The agent loop in agentforge_harness/agent/agent.py is the heart of the harness.

At a high level it:

  1. Adds the user message to context.
  2. Sends messages and tool schemas to the model.
  3. Streams text deltas to the TUI.
  4. Collects completed tool calls.
  5. Executes tools through the registry.
  6. Adds tool results back to context.
  7. Repeats until the model returns no tool calls.

This is a hybrid ReAct/function-calling loop: the model reasons in natural language and acts through typed tools.

Session

agentforge_harness/agent/session.py wires together the long-lived objects for one interactive run:

  • LLMClient
  • ToolRegistry
  • MCPManager
  • ContextManager
  • ApprovalManager
  • HookSystem
  • ChatCompactor
  • LoopDetector
  • PersistenceManager
  • session ID and turn count

The session owns snapshot creation and restoration. It captures conversation messages, token usage, config metadata, active tools, MCP server names, todos, active mode, active skills, and event sequence state.

Tools

Tools inherit from Tool in agentforge_harness/tools/base.py.

Each tool provides:

  • a stable name
  • a description
  • a ToolKind
  • a Pydantic schema
  • an async execute() method
  • optional approval metadata through get_confirmation()

Built-in tools include:

Tool Kind Purpose
read_file read Read text files with line numbers
write_file write Create or overwrite files
append_file write Append text to the end of a file
edit write Replace exact text in files
apply_patch write Apply a unified diff across one or more files with dry-run validation and patch intent metadata
git_diff read Inspect working tree or staged git changes without mutating the repo
shell shell Run shell commands with timeout and approval
list_dir read List directory entries
grep read Search file contents with regex
glob read Find files by glob pattern
todos memory Track session tasks
memory memory Store user preferences and notes
web_search network Search the web
web_fetch network Fetch URL content

Tool Invocation Contract

The registry is responsible for:

  1. Looking up the tool.
  2. Validating params against the schema.
  3. Running before-tool hooks.
  4. Checking approval for mutating operations.
  5. Executing the tool.
  6. Redacting secrets from model-visible tool results when enabled.
  7. Marking tool observations as untrusted data when prompt-injection protection is enabled.
  8. Running after-tool hooks.
  9. Returning a ToolResult.

Future improvement: evolve ToolResult from mostly raw text into a structured observation:

{
  "status": "success",
  "summary": "Read 120 lines from README.MD",
  "artifacts": ["README.MD"],
  "next_actions": [],
  "error_type": null,
  "retryable": false
}

This is one of the most important harness-learning upgrades because model recovery quality depends heavily on observation quality.

Safety and Approval

Tool outputs pass through centralized secret redaction in agentforge_harness/utils/redaction.py before after-tool hooks, model context, TUI events, persistence, and exports see the result. Tool-call arguments are also redacted before TUI display and hook environment variables, and approval confirmations redact commands, params, and diff previews before asking the user. Redaction is enabled by default and records non-secret metadata such as redaction count and detected secret kinds.

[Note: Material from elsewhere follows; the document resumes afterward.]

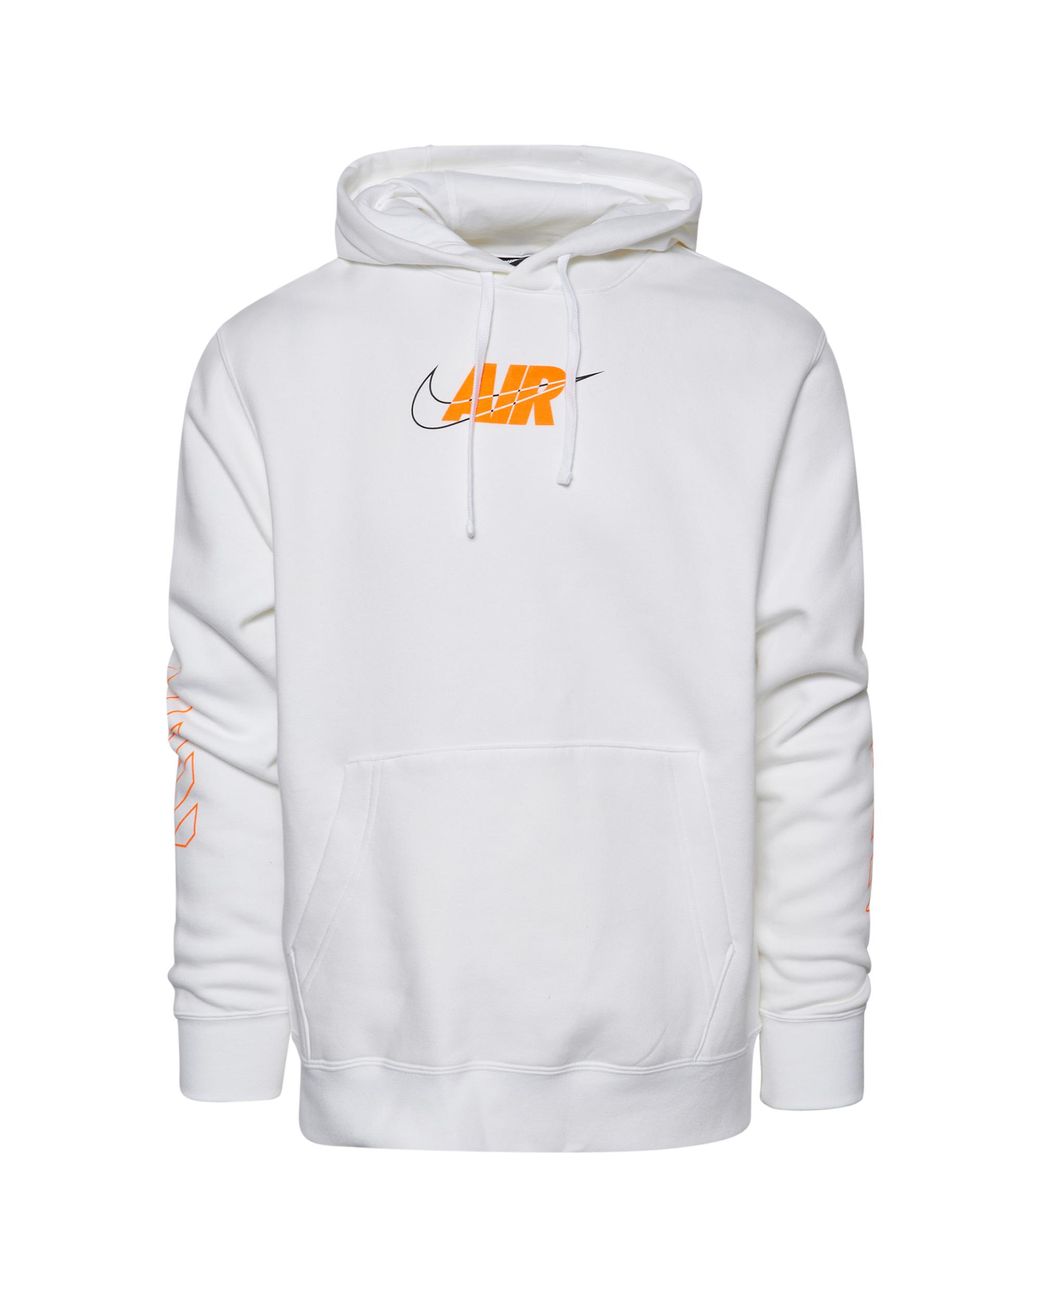 Nike Cotton Air Box Cf Pullover Hoodie in White/White (White) for Men ...

Current redaction coverage includes common OpenAI/OpenRouter/Anthropic API key shapes, GitHub tokens, JWTs, private key blocks, and generic API_KEY/TOKEN/SECRET/PASSWORD assignments. This protects obvious leaks in observations, but it is not a sandbox and does not make arbitrary tools or MCP servers safe.

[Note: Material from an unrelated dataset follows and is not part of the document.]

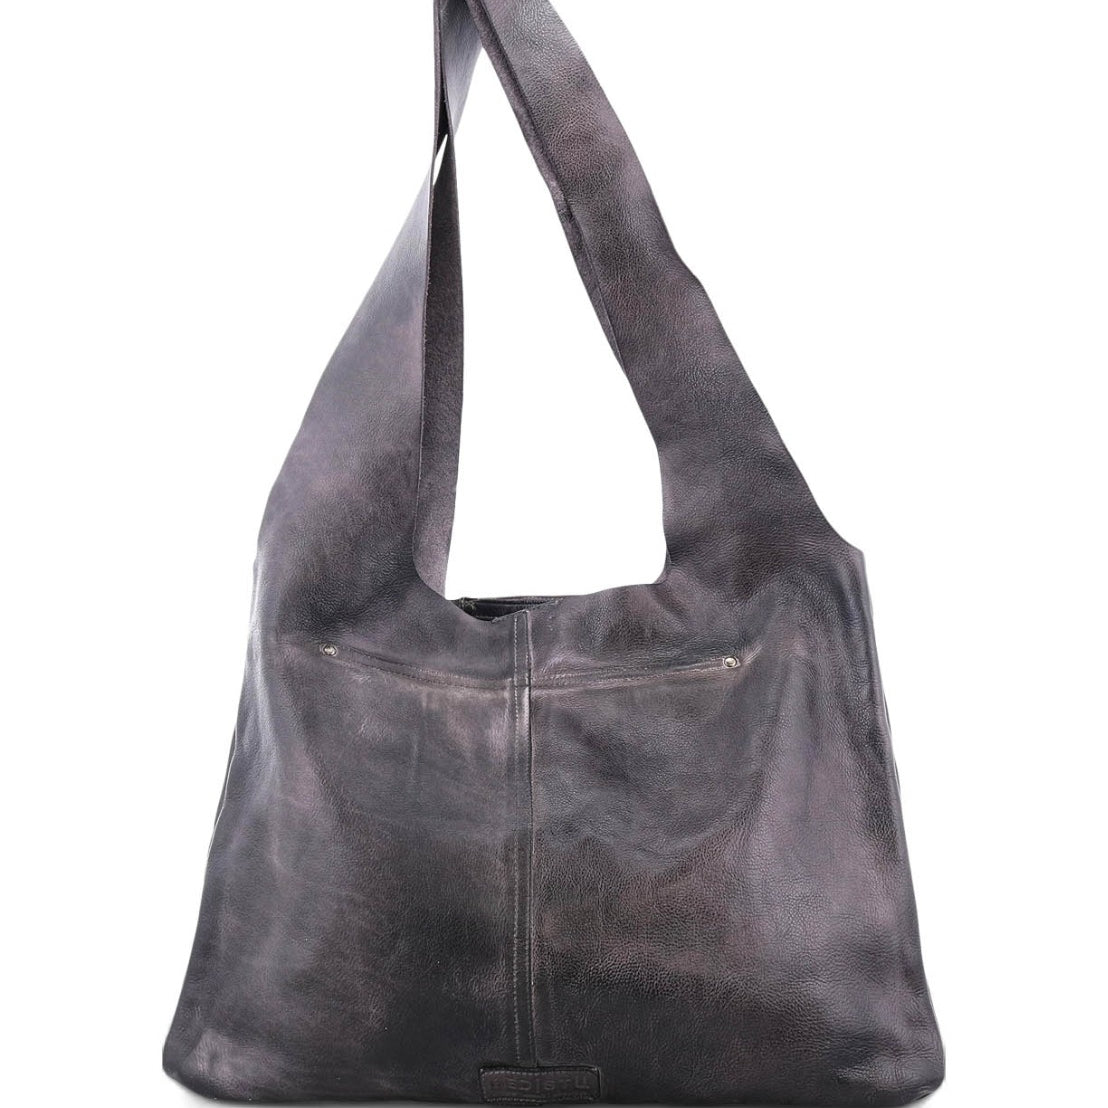 An Ariel grey leather hobo bag on a white background by Bed Stu.

Before redaction, tool results pass through output hygiene in agentforge_harness/safety/output_hygiene.py. This strips ANSI escape sequences and unsafe control characters while preserving normal whitespace, then truncates large model-visible fields according to max_tool_output_tokens. Hygiene metadata records how many terminal sequences or control characters were removed and which fields were truncated.

Tool observations also pass through prompt-injection boundary handling in agentforge_harness/safety/prompt_injection.py. When enabled, tool results carry trust metadata and model-visible observations are wrapped in <untrusted_content> tags. The wrapper tells the model that file contents, command output, web pages, MCP responses, and other tool observations are data, not instructions. This reduces accidental instruction promotion while keeping the original TUI output readable.

Prompt-injection protection is a boundary layer, not a complete policy engine. It does not yet trace whether a later tool call was derived from untrusted content, and it does not sandbox shell commands or MCP servers.

The approval layer in agentforge_harness/safety/approval.py classifies operations using:

  • tool mutability
  • command safety patterns
  • affected paths
  • danger flags from tools
  • configured approval policy

Supported approval modes:

Mode Meaning
on-request Ask before non-safe mutating operations
on-failure Allow most operations, useful for autonomous retries
auto Auto-approve most operations except explicitly dangerous ones
auto-edit Auto-approve safe commands, ask for edits and riskier operations
never Reject non-safe operations
yolo Approve all operations, including dangerous ones

Future improvement: replace simple safe/dangerous command regexes with command classes such as read-only, test, build, install, git-write, server, network, and destructive.

Hooks

Hooks let external scripts observe or react to lifecycle events.

Supported triggers:

Trigger When It Runs
before_agent Before a user message enters the agent loop
after_agent After the agent returns a response
before_tool Before a tool is executed
after_tool After a tool returns
on_error When explicit error handling is added

Hooks are configured in .agentforge/config.toml.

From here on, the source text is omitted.